C’è un motivo scientifico dietro l’immobilità e l’assenza di difesa di alcune vittime di violenza sessuale. Lo svela uno studio britannico che ha suggerito come a paura e la minaccia possano bloccare i circuiti neurali che controllano le azioni e i movimenti, in particolare in situazioni quali una violenza sessuale. L’immobilità della vittima di stupro è spesso usata come pretesto per giustificare agli occhi dello stupratore un consenso inesistente. Ma ora, grazie allo studio pubblicato su Nature, anche la scienza conferma quanto la psicologia ha già spiegato da tempo.



Lo studio in oggetto suggerisce che la mancata reazione delle vittime di stupro o violenza sessuale sia spiegato dallo stato di shock in cui si trovano. “L’immobilità può essere del tutto involontaria. Di fronte a una minaccia, la ricerca ha dimostrato che il cervello può bloccare i circuiti neurali che gestiscono il controllo volontario dei movimenti del corpo“, affermano i professori Patrick Haggard e Ebani Dhawan. Un fenomeno peraltro già osservato negli animali che “si bloccano brevemente di fronte a una lieve minaccia e si tengono pronti a fuggire o a combattere. Ma quando la minaccia è improvvisa e grave, come una costrizione fisica, possono trovarsi in uno stato di immobilità prolungata, con una postura fissa detta immobilità tonica o collassata, caratterizzata da una perdita di tono muscolare“. Lo studio ha anche preso in esame questionari in cui molte vittime di stupro hanno raccontato di non essere state in grado di muoversi o urlare durante la violenza, anche nei casi in cui non si è verificata costrizione fisica.

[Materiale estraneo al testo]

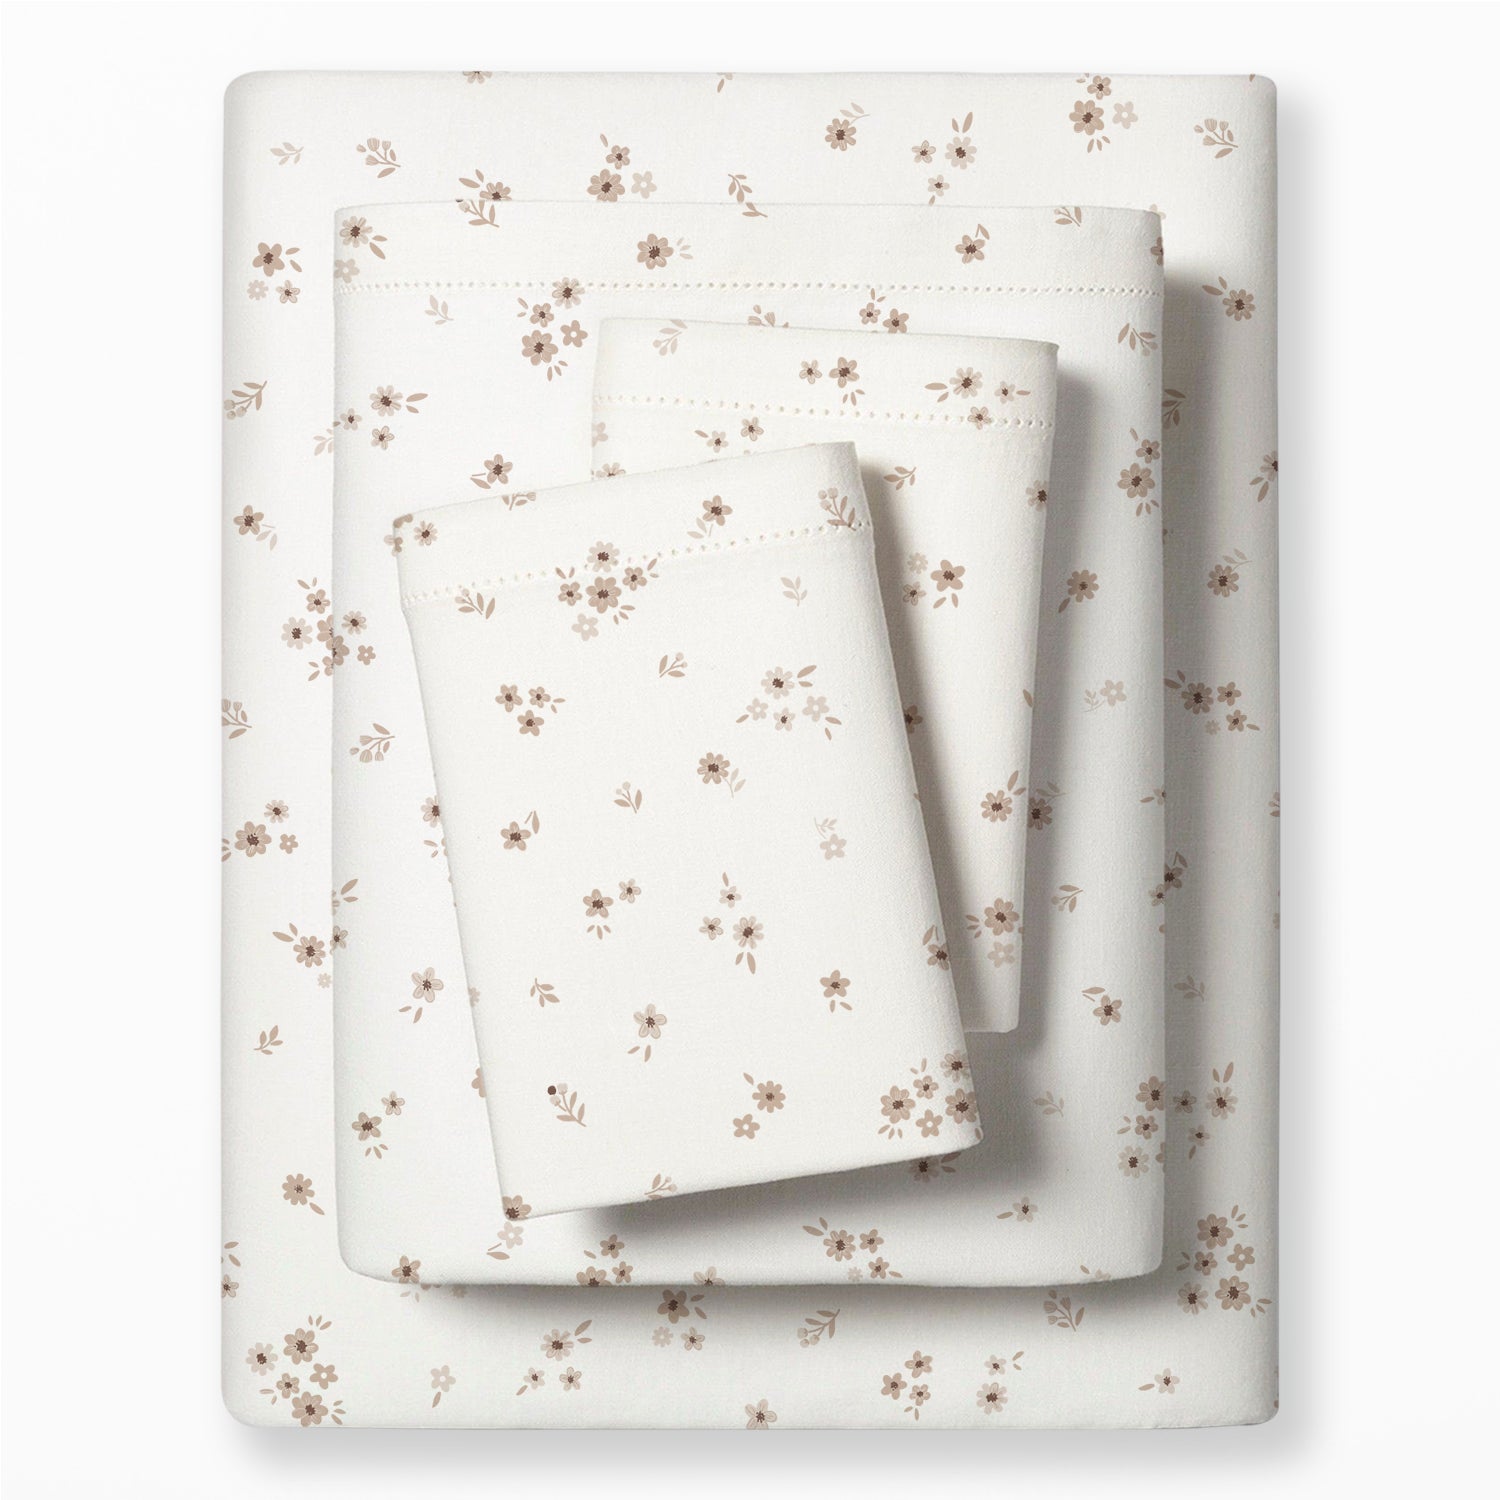 A neatly folded set of cream-colored bedding with a delicate brown floral pattern, consisting of a fitted sheet, flat sheet, and pillowcases from Makemake Organics' Organic Cotton Sheet Set - Bloom, displayed on a white background.
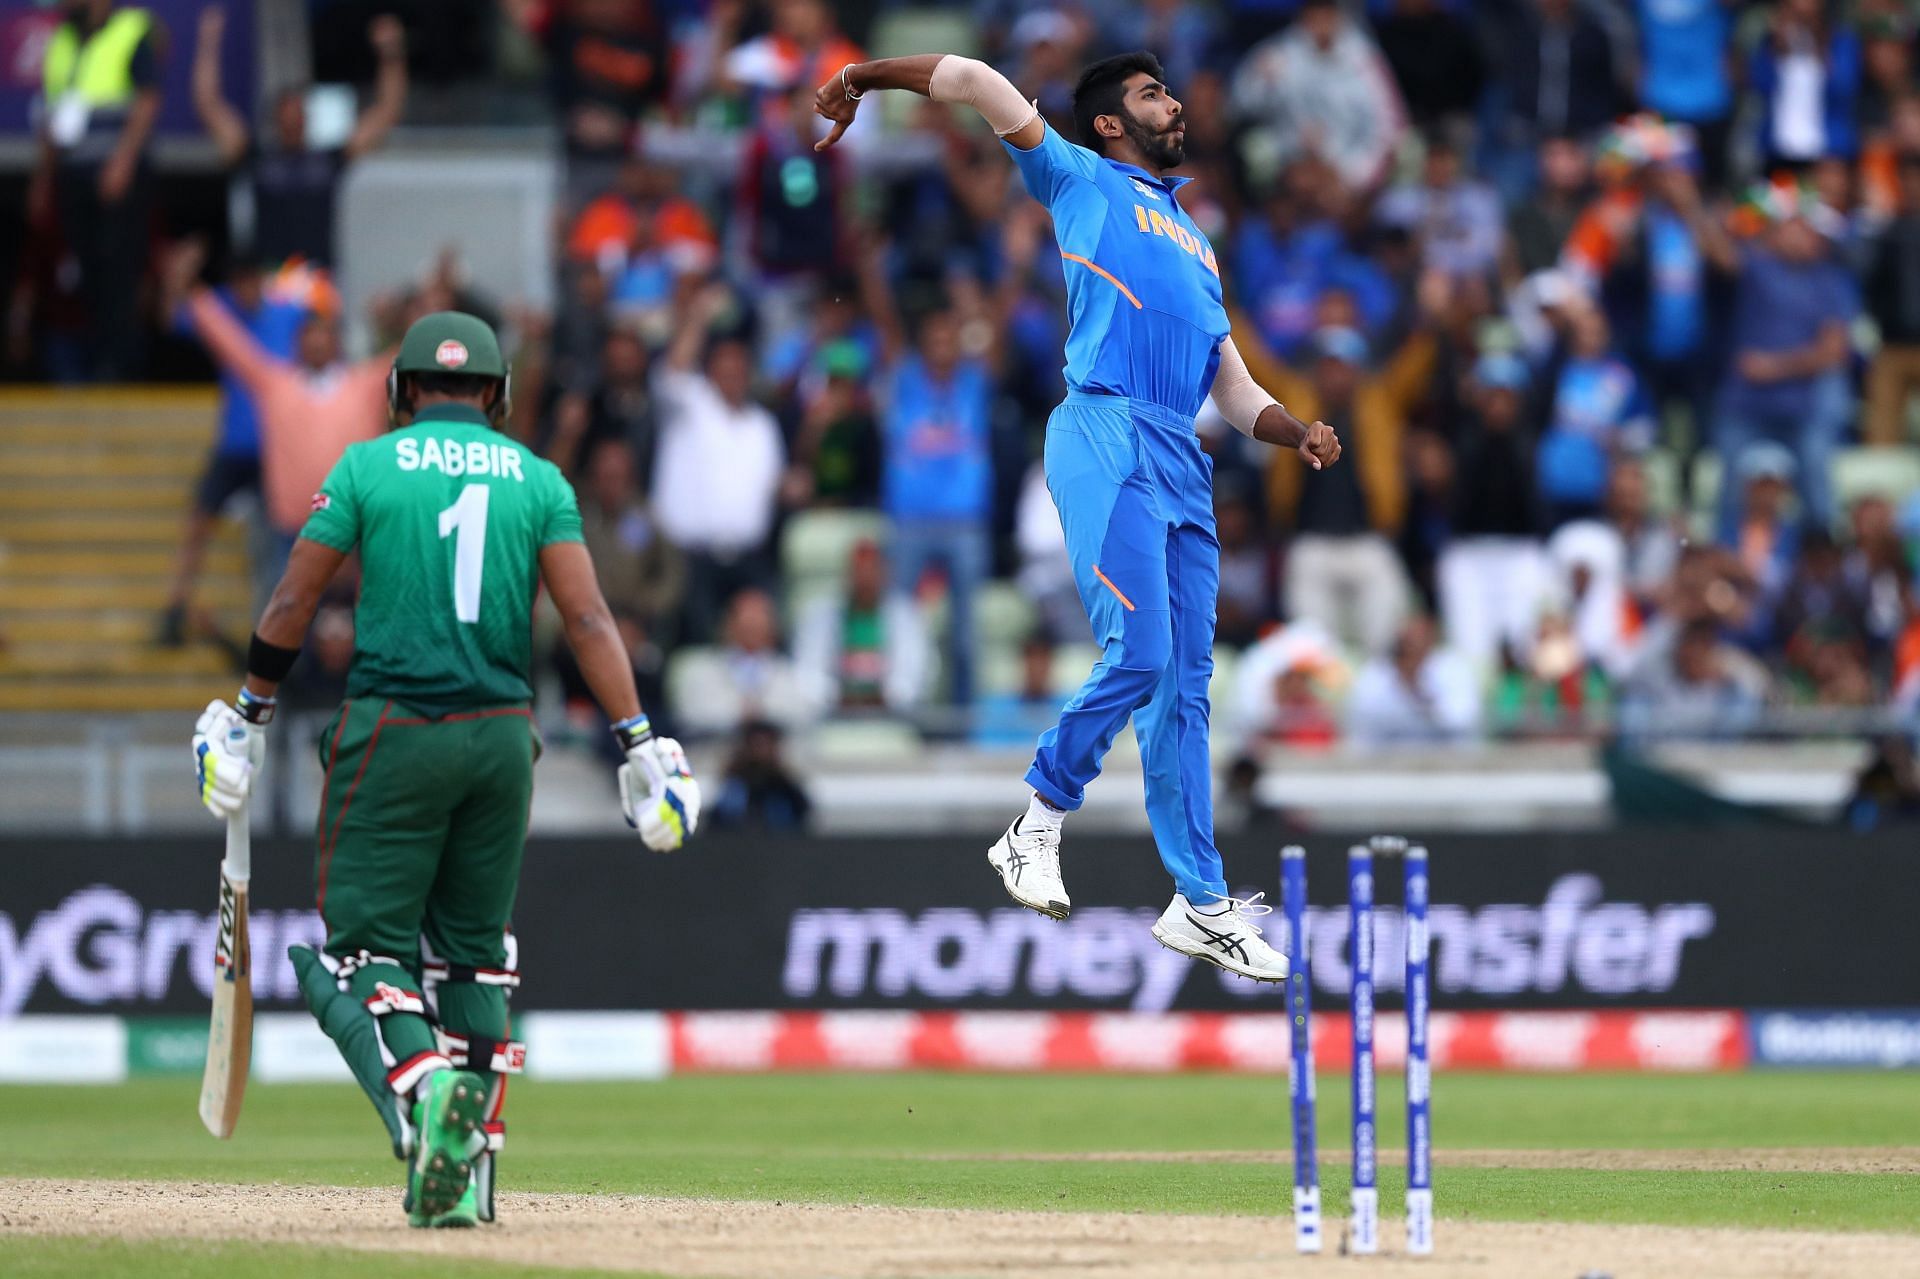 Jasprit Bumrah (R) disturbing the furniture at will makes him a sure-shot pick for any team regardless of the format!

Vittime di stupro immobili e “congelate”, lo studio: “evitare di incolparle ingiustamente”

L’immobilità durante uno stupro o una violenza sessuale può essere spiegata scientificamente. La dimostrazione di questa ipotesi non può avvenire con metodo scientifico, in quanto si tratta di comportamenti criminali non riproducibili per essere studiati, ma i professori Patrick Haggard e Ebani Dhawan si dicono certi che l’immobilità in risposta a una minaccia estrema sia probabilmente involontaria. Nel loro studio si augurano inoltre che questo risultato possa incoraggiare la ricerca sulla definizione di consenso attivo.



Comprendere i meccanismi neurologici alla base dell’immobilità durante uno stupro o una violenza sessuale permetterebbe di evitare di incolpare ingiustamente le vittime per la loro mancanza di reazione e di mettere in dubbio la loro parola” sottolineano i due studiosi.